What makes them special is not only the depiction of the Hindu religion and its traditions, but the characters as well. The emphasis given to the expressions and the characters tells a tale, and the stress on colours and painting techniques turn it into a beautiful collaboration between religion, culture and folklore.
There are borders designed intricately to frame the entire picture in each of these works of art. The frame brings the characters of the paintings to life. The intricacies are translated into other art forms as well. The beauty of Pattachitra is that each feature helps the painting stand out – from the design of the border to the use of colours. These paintings are hung as wall decorations; many have tried to imitate the styles, but nothing quite matches up to the level of the Pattachitras.
Painters of the Pattachitras are called “chitrakars”. They invest a lot of time and effort to make the “Patta”, as this art form is associated with spirituality. The paint used is vibrant and earthy, traditionally made of raw materials like mustard, vermillion, tea leaves and conch shells. Although time-consuming, developing the core of the paintings is an art in itself. The process, however, has been consolidated with regular paint. This emphasis is on the main trend – “vintage” in today’s culture. “Vintage” and authenticity play a major role in keeping this art form alive.
The paint is crucial to emphasise the elements in the art form. Something as simple as a floral design or a character is essential to the themes and characterisation as a whole. Just a stroke of a paintbrush and the colour used can depict emotions and clarity with intensity in a Pattachitra. The expressionism and intricate designs can define the entire story and theme in the Pattachitra.
The characters and setting of Pattachitra are also quite different from other paintings. Other forms of art have a definite perspective. The Pattachitra defies norms as there is no perspective. The painting is just made to be seen from a close point of view, whether it depicts an action or a story or just a character in it.

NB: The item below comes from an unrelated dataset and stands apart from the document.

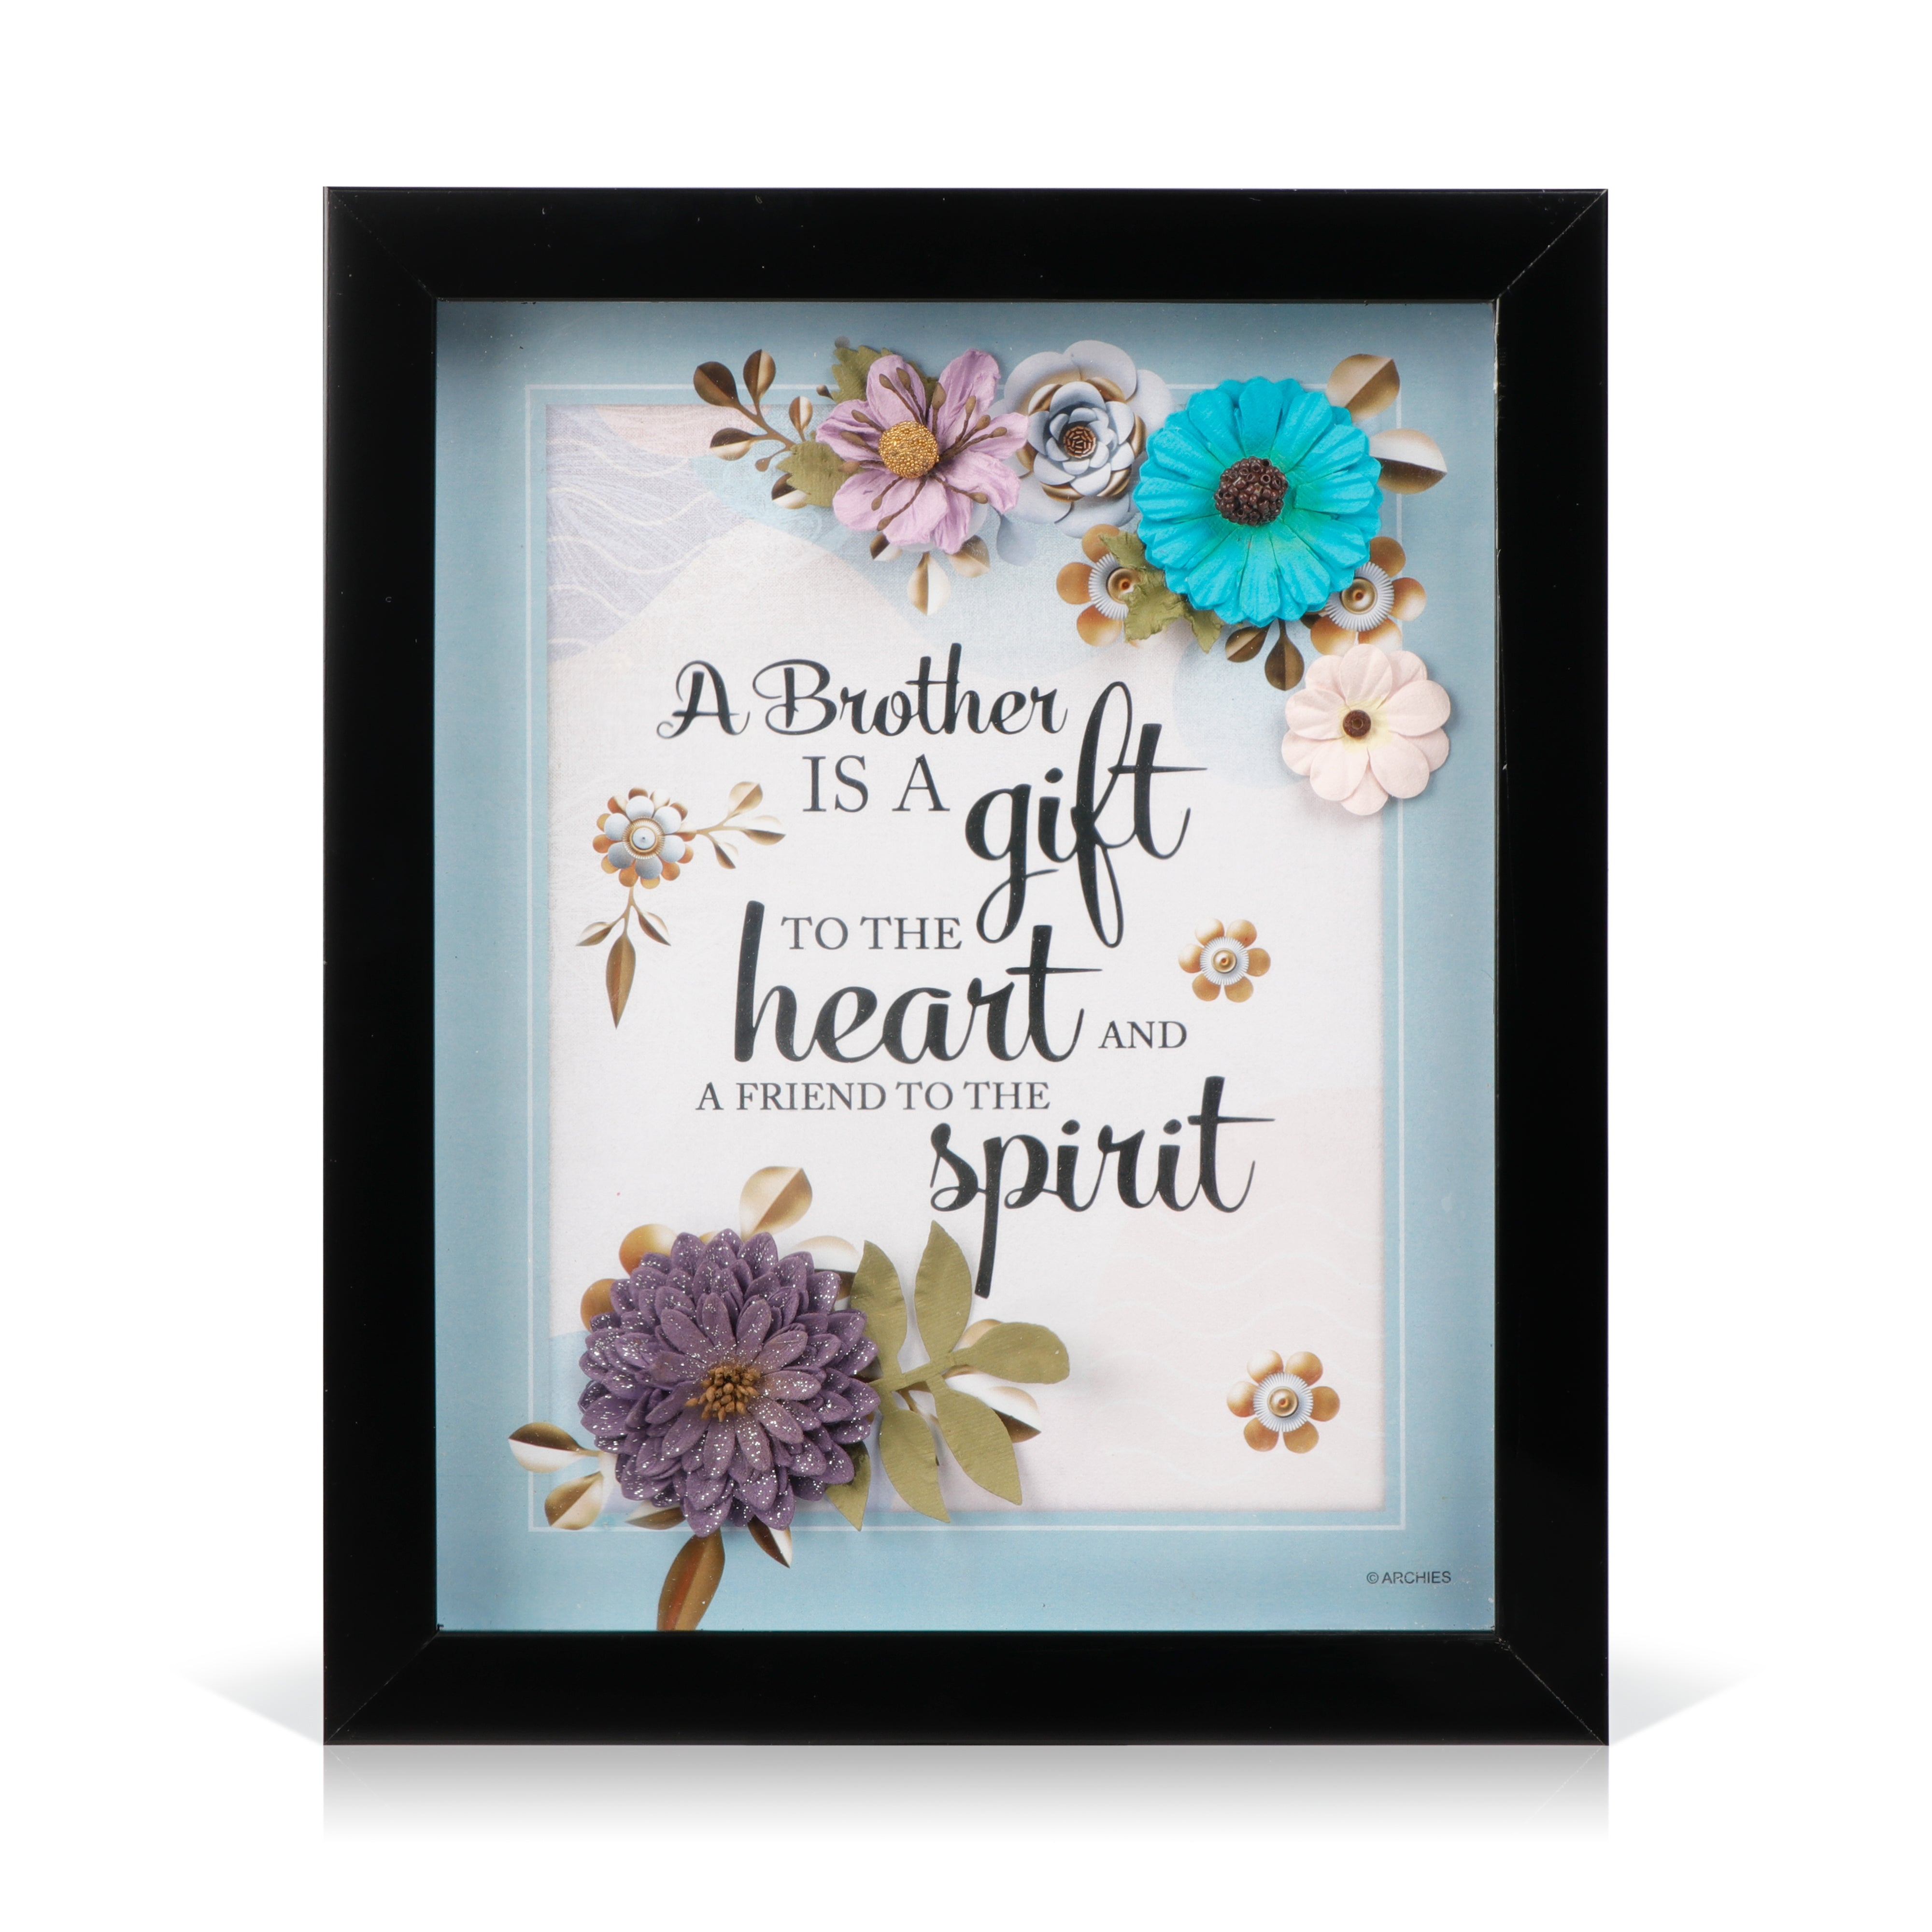 Archies KEEPSAKE QUOTATION - A BROTHER IS.....SPIRIT For gifting and Home décor

In this art form, lines are bold and the pull of the brush has the ability to bring out the subject’s expressions. It can go to the extent of designing the subject’s outfits and postures to even defining the character. The figures of the paintings are distinct in their actions and postures. Again, unlike many other art forms, the “background” mostly consists of designs and the frames rather than actual settings. This can be interpreted differently – some say it almost depicts a dream-like setting or it puts focus on the other details of the painting. The art form stands out as a folk story told by the chitrakars.